Day 3: Why I'm Building 4 Services Instead of One Big App

Day 3: Why I’m Building 4 Services Instead of One Big App

Day 3 done.

No code written yet—spent the hour planning HuntKit‘s architecture.

And honestly? I almost made a huge mistake.

The Temptation: Build It All At Once

My first instinct was to build one FastAPI app that does everything:

Scrapes jobs
Analyzes profiles
Matches candidates
Finds emails

Ship it all together, deploy, done.

Then I re-read Chapter 1.

What Chapter 1 Actually Taught Me

“Trying to scale everything together is how you end up with a monolith that can’t grow.”

The example that clicked: Web servers and databases scale differently. That’s why we separate them with load balancers and database replication.

For HuntKit, I realized each piece has wildly different needs:

Job Aggregator (scraping 1000+ sites):

I/O intensive—constantly making HTTP requests
Needs distributed crawlers across regions
Rate limiting per domain to avoid bans
Biggest scaling challenge

Profile Analyzer (parsing GitHub/LinkedIn):

CPU intensive—processing repos, analyzing code
Caching-heavy (same profiles checked repeatedly)
Predictable load based on user signups

Matching Engine (ranking jobs by fit):

Read-heavy (90% reads, 10% writes)
Benefits massively from Redis caching
Needs fast response times (<100ms)

Outreach Assistant (email finder + drafts):

API-dependent (Hunter.io, OpenAI)
Queuing required (async processing)
Cost-sensitive (API calls = $$)

If I built one monolith, I’d have to scale EVERYTHING when job scraping hits limits—even though matching and outreach aren’t stressed.

The Microservices Decision

Breaking into 4 independent services means:

Scale each based on actual need (crawler needs 10 instances, matcher needs 2)
Deploy updates without breaking everything
Test one piece at a time (ship faster, iterate publicly)
Different tech choices per service (Scrapy for crawling, FastAPI for matching)

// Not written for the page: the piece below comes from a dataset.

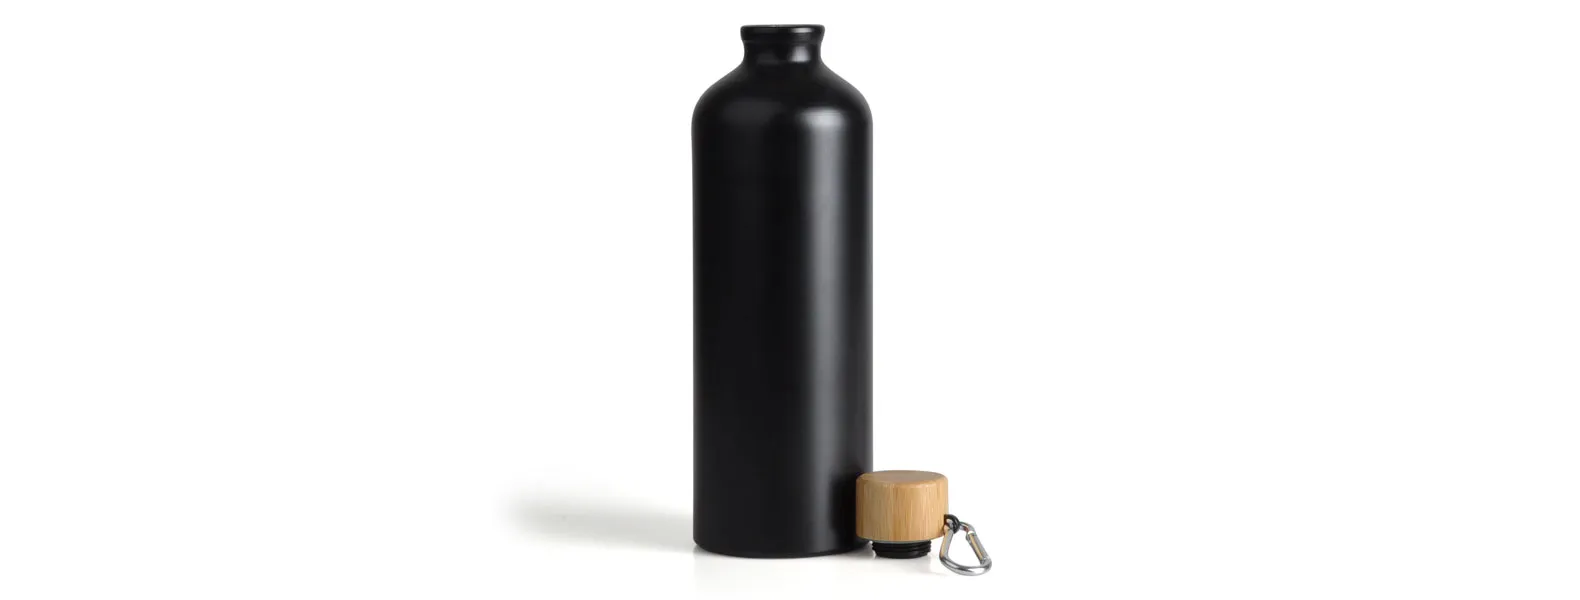 Conta com garrafa, caneca em cerâmica preta com capacidade 230 ml e fone de ouvido Bluetooth.

This is literally applying horizontal scaling at the service level.

Why Start With The Hardest Part?

Service 1: Job Aggregator is my Day 8-20 focus because:

It’s the riskiest unknown – I’ve never scraped at scale, don’t know legal boundaries, anti-bot measures are evolving
It’s the foundation – without jobs, nothing else matters
It’s where I’ll learn the most – I’ve done GitHub parsing, matching algorithms, LLM integration before. Distributed scraping? New territory.

De-risk the hard stuff early.

My Struggle: Database Decisions

Here’s where I’m stuck: Do I choose databases now or later?

Current thinking:

Job listings = probably Postgres (relational, ACID for job data integrity)
User profiles/cache = Redis (fast reads for matching)
Analytics = maybe ClickHouse later for logs/metrics

But honestly? I don’t know the exact data shape yet. Choosing now feels like guessing.

Is it okay to say “TBD until Day 10 when I see actual scraped data”? Or does that look like I don’t understand databases matter?

Genuinely curious: How do you decide tech stack timing?

Tomorrow’s Plan (Day 4)

Not building yet. Exploring:

Research Scrapy vs Playwright vs custom async crawlers
Study 10 company career pages (structure, anti-bot measures)
Test robots.txt compliance frameworks
Read legal considerations (don’t want to accidentally break laws)

Day 5: Pick an approach based on findings
Day 6+: Start coding Service 1

I’m nervous about the legal gray area of scraping. Has anyone dealt with this before?

What I’m Learning

System design isn’t just “pick the right database.” It’s about:

Understanding different scaling needs
Building for iteration, not perfection
De-risking unknowns early
Separating concerns so failures don’t cascade

Chapter 1 made this click. Now applying it to something real.

Tech Stack (So Far):

Backend: FastAPI (async = perfect for I/O-heavy scraping)
Frontend: React for web (Flutter mobile later if this works)
Services: 4 independent microservices
Infrastructure: TBD per service needs

Progress: 3/100 days. Still planning, not rushing.

Drop your thoughts below—especially if you’ve built scrapers or microservices before. I’m learning as I go.